A security guard faces up to 12 months in jail because of remarks on the Zimbabwe president’s health and a taunt over a snack of biscuits and a fruity milk drink, his lawyer said on Friday.
After years of acute shortages of food and confectionary, the guard allegedly told a colleague that President Robert Mugabe ruined the economy and empty store shelves were only restocked by the former opposition party with cookies and soft drinks that his pro-Mugabe colleagues ate for lunch.
Attorney Jeremiah Bamu said Friday the guard is charged with “undermining the authority” of Mugabe and goes to court on August 12.
He said no witnesses overheard the remarks that include an alleged reference to Mugabe’s likely death from illness. It is the latest case in a spate of charges and arrests over alleged presidential insults that carry a maximum penalty of a year in prison and have drawn in ministers and lawmakers of Prime Minister Morgan Tsvangirai’s party.
Bamu said guard Zebediah Mpofu, employed at a private security firm, was reported to police by his colleague, a known supporter of Mugabe’s ZANU-PF party.
He said an increasing number of reports came from the workplace, conversations eavesdropped by plain clothes security agents on commuter buses and even from authorised political rallies.
“It is an attempt to gag political views,” he said.

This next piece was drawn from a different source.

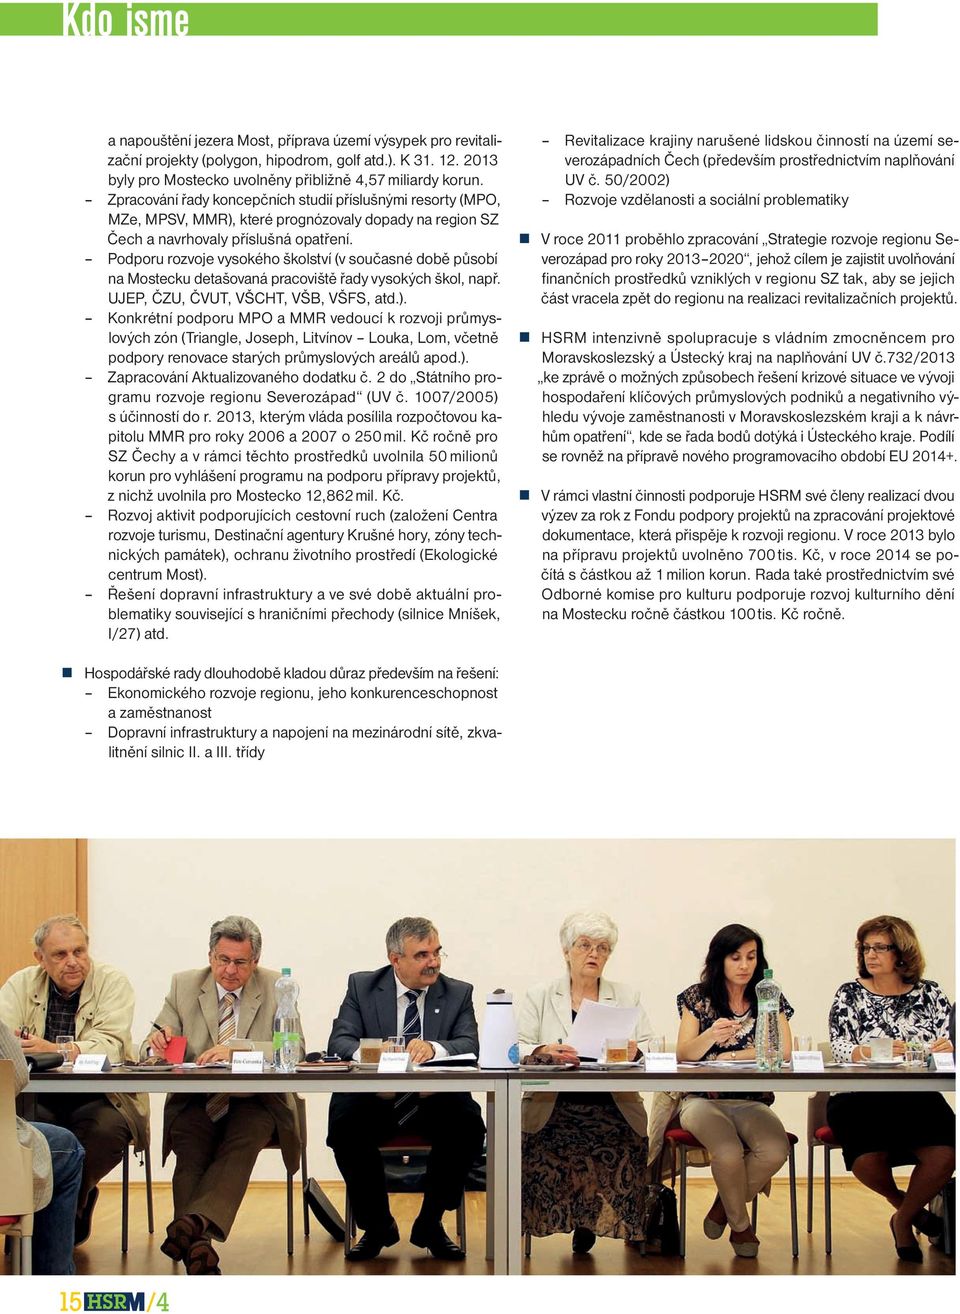 Podporu rozvoje vysokého školství (v současné době působí na Mostecku detašovaná pracoviště řady vysokých škol, např. UJEP, ČZU, ČVUT, VŠCHT, VŠB, VŠFS, atd.).

The independent Zimbabwe Lawyers for Human Rights group has identified one man, Gift Masuka, as already serving a year-long sentence for cursing Mugabe with obscenities in southeastern Zimbabwe, where two students have also been accused of illegally downloading an animated video showing a fictional Mugabe assassination.

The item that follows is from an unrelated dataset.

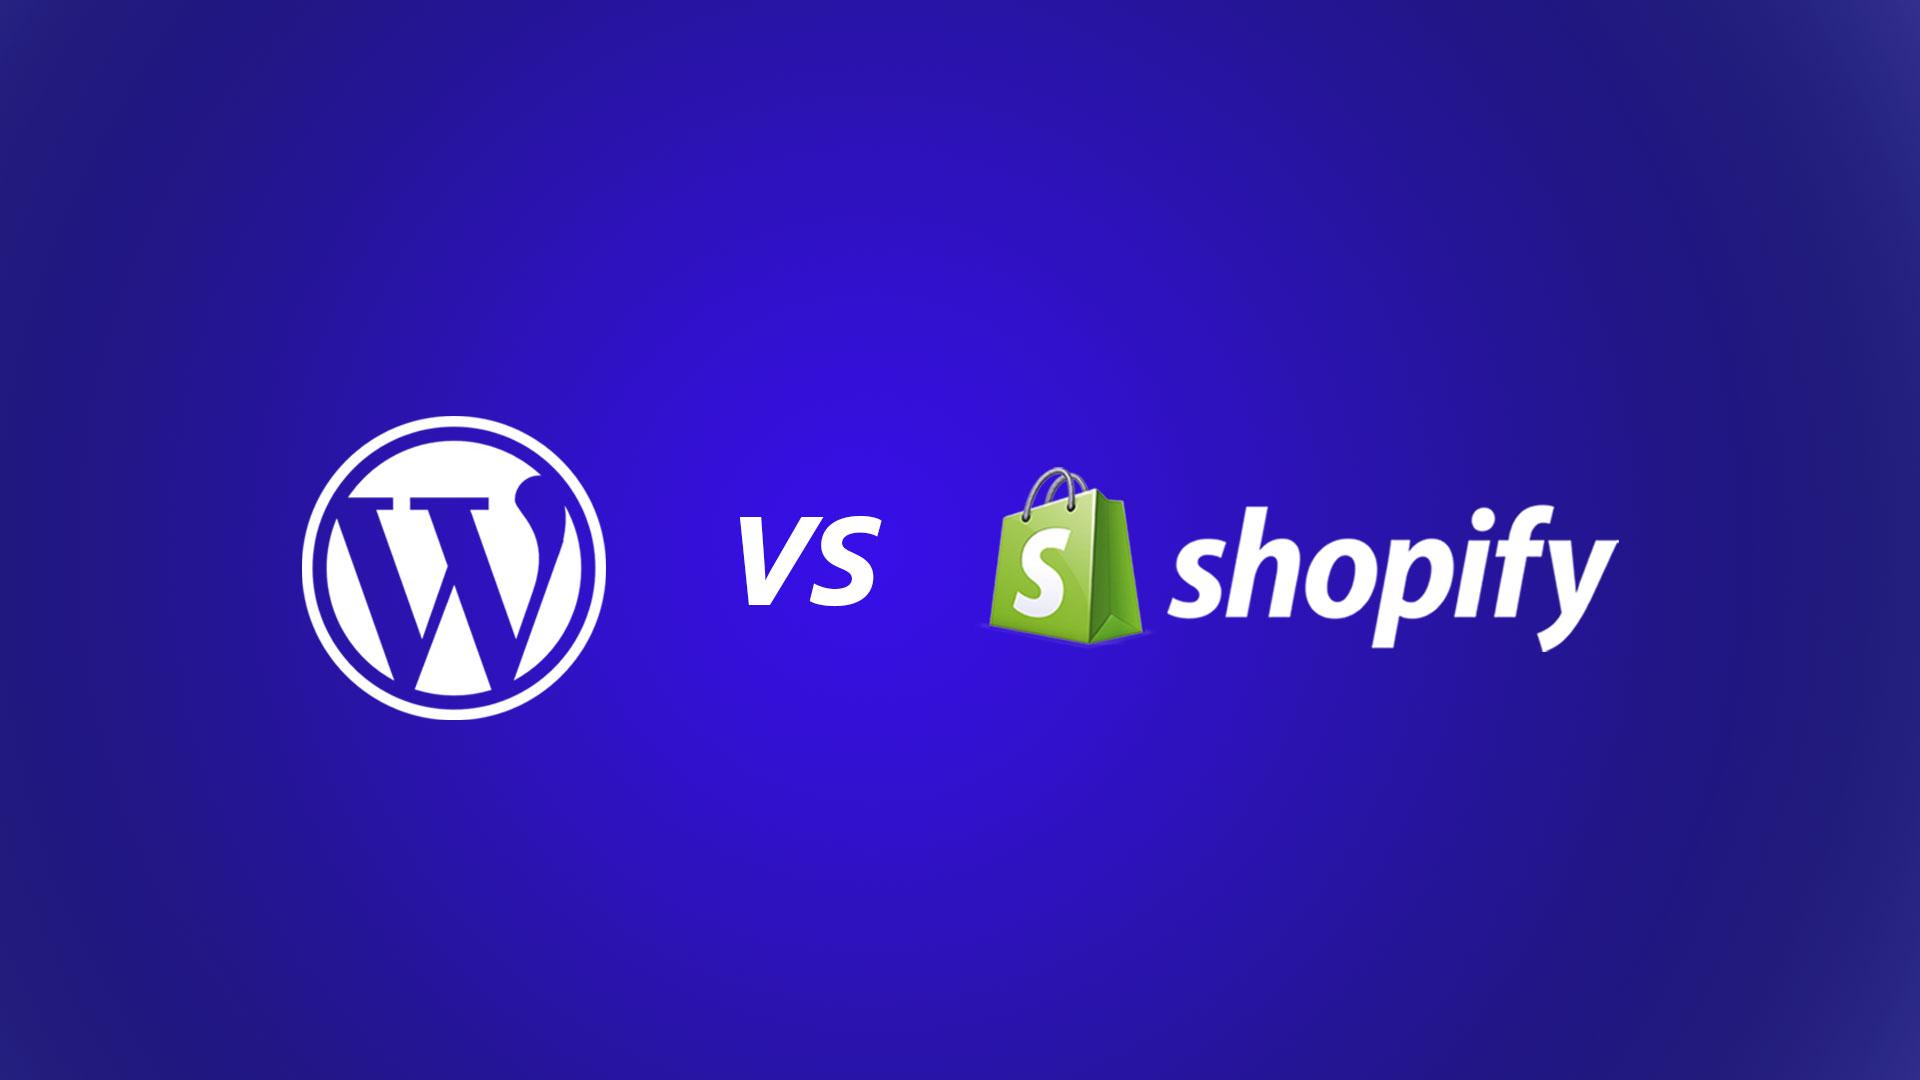  Shopify vs. WordPress - hvilken webshop skal jeg vælge

In the second city of Bulawayo on Monday, a court freed on bail two property owners, also to reappear in court in August, on allegations they told officials and militants of Mugabe’s party who inspected their land for seizure to “go and hang together with Mugabe”.
Since Mugabe called for early elections to bring the shaky 28-month coalition to an end, rights groups have reported a surge in political violence and intimidation.
At least five people in eastern Zimbabwe have been charged with insulting Mugabe by changing the words of songs used by his loyalists, saying in one of the songs: “Let’s work hard to remove this old man and install Tsvangirai.”
In May, a police officer was detained for two weeks for using a toilet reserved for Mugabe at a trade exposition. The next month a minister in Tsvangirai’s office was arrested for allegedly calling Mugabe a liar over his accounts of a crucial summit on Zimbabwe by regional mediators that Mugabe said had cleared his party of obstructing democratic reforms under the coalition.
A senior Tsvangirai lawmaker is still facing insult charges after he bowed to a portrait of Mugabe, compulsorily displayed in all public buildings and commercial businesses, and said: “How is your health, how is your eye?”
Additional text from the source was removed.